|Rack Report Details|
|Time of Year:||October 2013|
|Weapon:||Hoyt Maxxis 35 Bow, VPA 3-Blade Broadhead Bowhunting|
As northern Alabama resident Andy Cobb settled into his afternoon treestand on the season opener, he couldn't help but think about the many other opening-day deer hunts he has enjoyed over the years. The veteran bowhunter has been chasing Alabama whitetails for nearly 40 years and so needless to say, he has many experiences to reflect upon.
One in particular was a heavy, chocolate-racked 10-pointer he killed in the same area back in 2008. He had watched the buck throughout the summer, and when he finally got the opportunity, he made a perfect double-lung hit. The deer, at 143 inches, was his best to date.
But Andy was jolted from his daydream when he noticed movement, and then a deer, headed his direction.
Like many successful whitetail hunters, Andy starts his season well before the opener. His 30-acre farm is part of a larger 400-acre chunk of ground that has been subdivided among family members over the years. Although he knows the whole property well, he's intimately familiar with his 30 acres of southern whitetail paradise. During spring green-up he scours his property searching for sheds, and he also establishes food plots, creates mineral stations and plants row crops so his deer herd has everything it needs to grow. Numerous trail cameras are scattered throughout his property, and because he lives only a few hundred yards away he's able to see his lush crop field from his back porch. Obviously, Andy has everything any whitetail junky could desire, and when he began seeing one particular buck blossom, he realized that he might have a true gagger on his property come fall.

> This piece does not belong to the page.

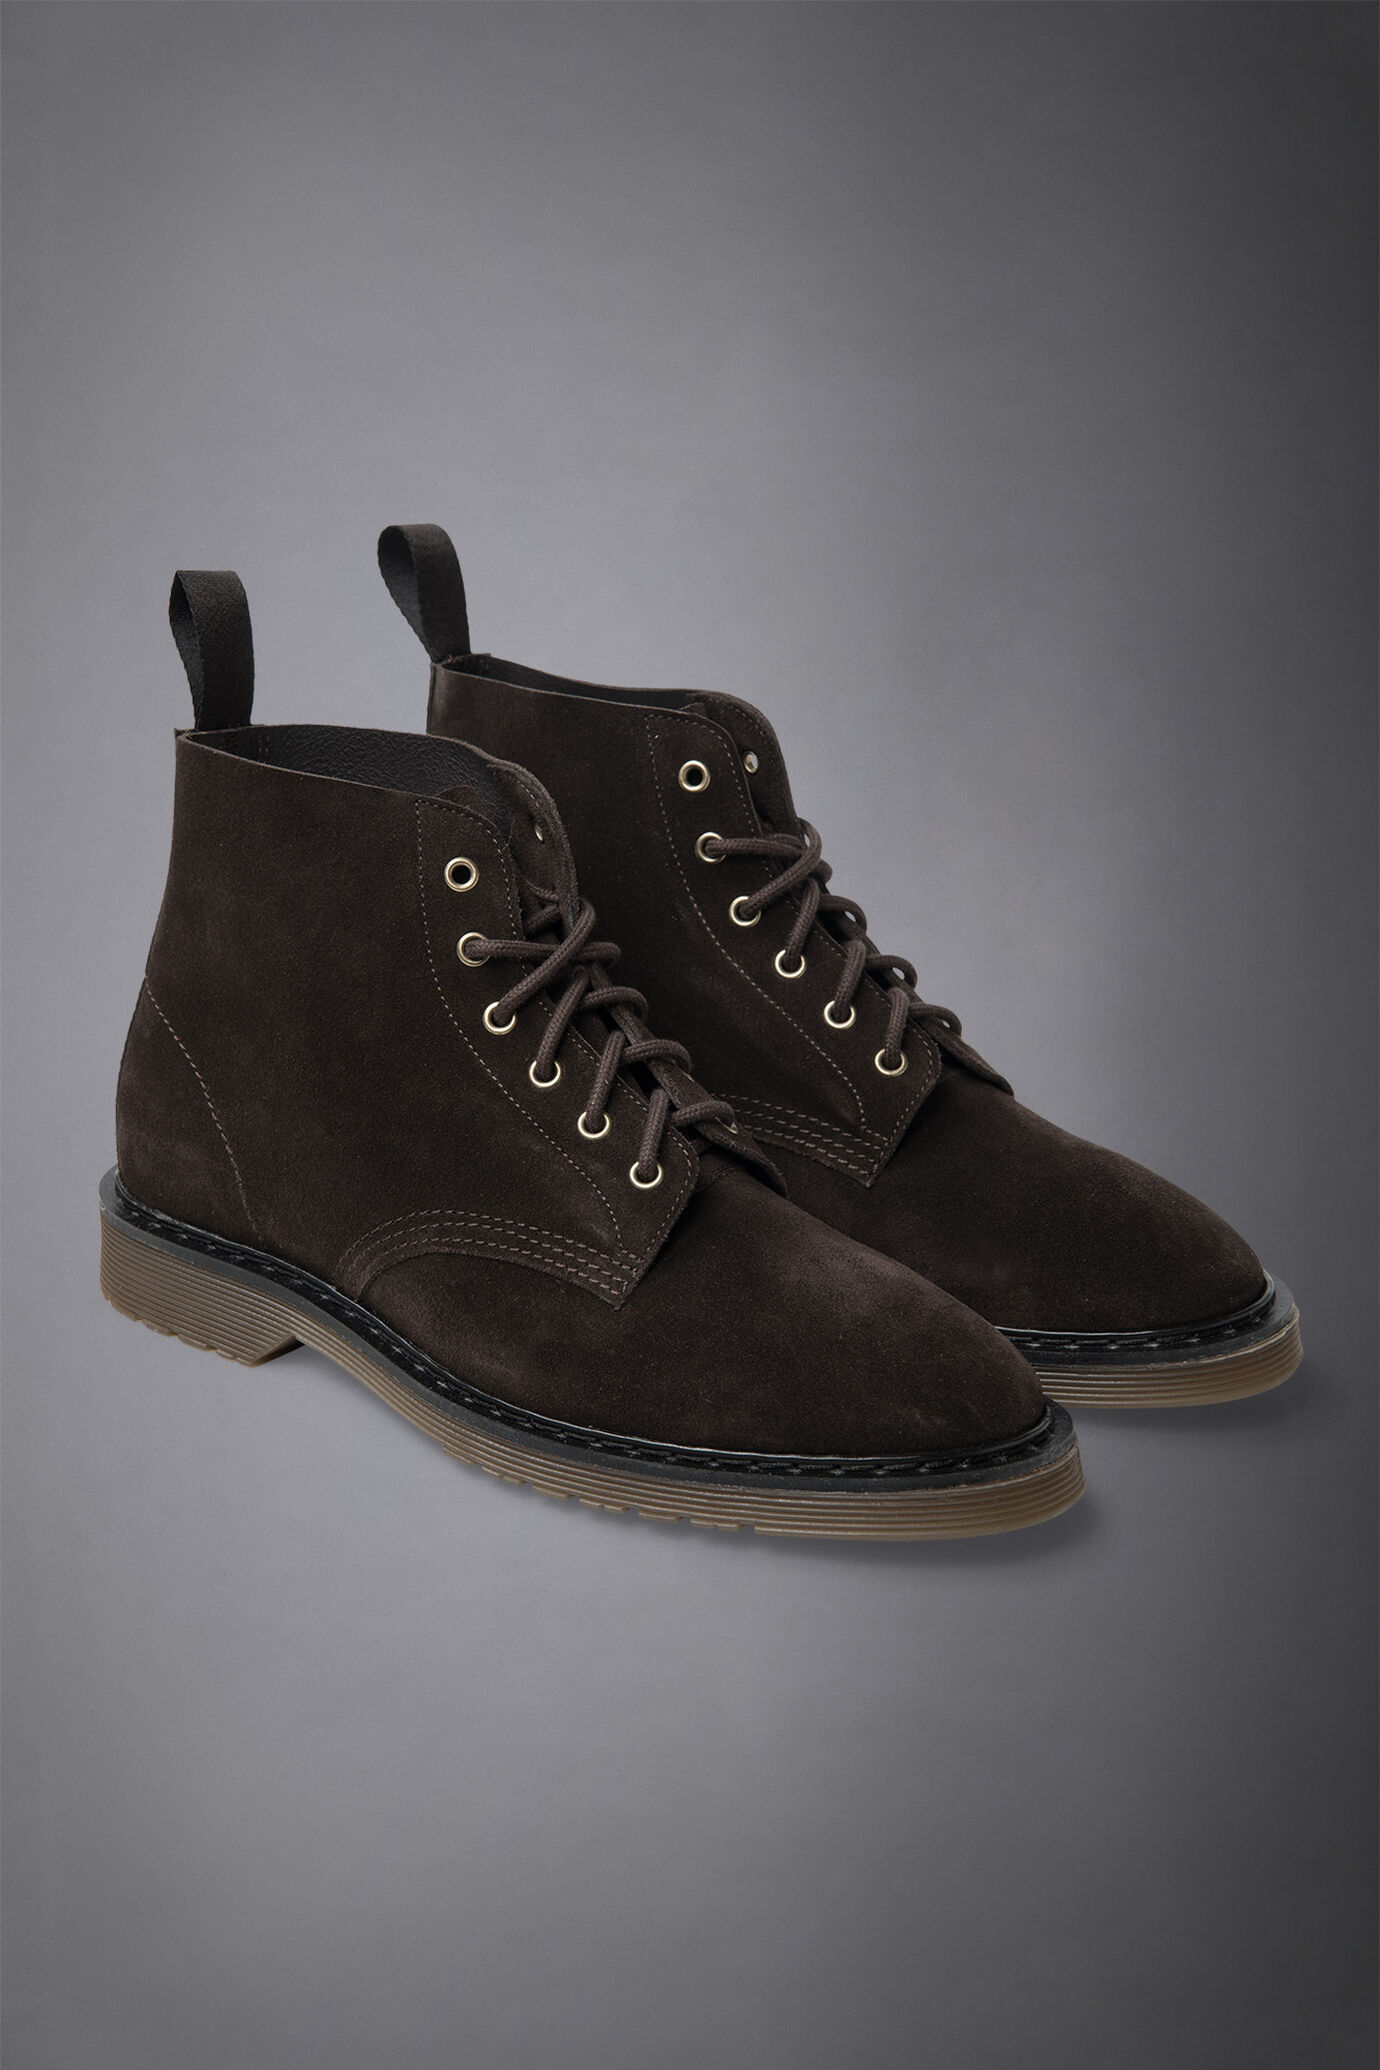 Men's 100% suede boots with rubber lug sole

Andy first noticed the buck in late spring, and it was obvious by the initial mass he was growing that he was going to be a special deer. As spring turned into summer, the buck really began to develop into a true stud, growing an excellent frame, extreme mass and even a dropper on his right main beam. As he developed, Andy affectionately began calling him "the big non-typical."
He watched the buck from his back porch on a regular basis, and during the summer got more than 100 trail camera photos of him. But when early September rolled around, the buck vanished. Andy searched for him daily and soon found him feeding in his neighbor's bean field. For the next few weeks, he would see the big non-typical nearly every day as he drove home from work. Andy had no idea why the buck changed his habits, but when the calendar flipped to October, it began showing back up on his trail cameras once again.
Needless to say, Andy was excited for the season opener. His stand was set up in a funnel that led to a half-acre chicory plot, a large bean field and a water source. For several hours Andy sat there without a hint of deer activity, but shortly after 6 p.m., he glassed movement through a screen of brush. There was a deer headed his direction.
As the deer eased into view, Andy couldn't believe he was seeing the big non-typical. With each step the buck took, Andy's heart surged with adrenalin. The buck walked to his shooting window at 10 yards. Andy pressed his bow into service and squeezed the trigger on his release aid. The hit was perfect, and the big non-typical soon crashed to the ground, flipping head-first onto his side. Andy couldn't believe his good fortune.
The monster buck netted 179 inches and grossed well into the 180s, but when the buck did his death flip, he broke off the 7-inch drop tine, so it was not included in the score. Regardless, Andy killed an exceptional buck, especially for Alabama.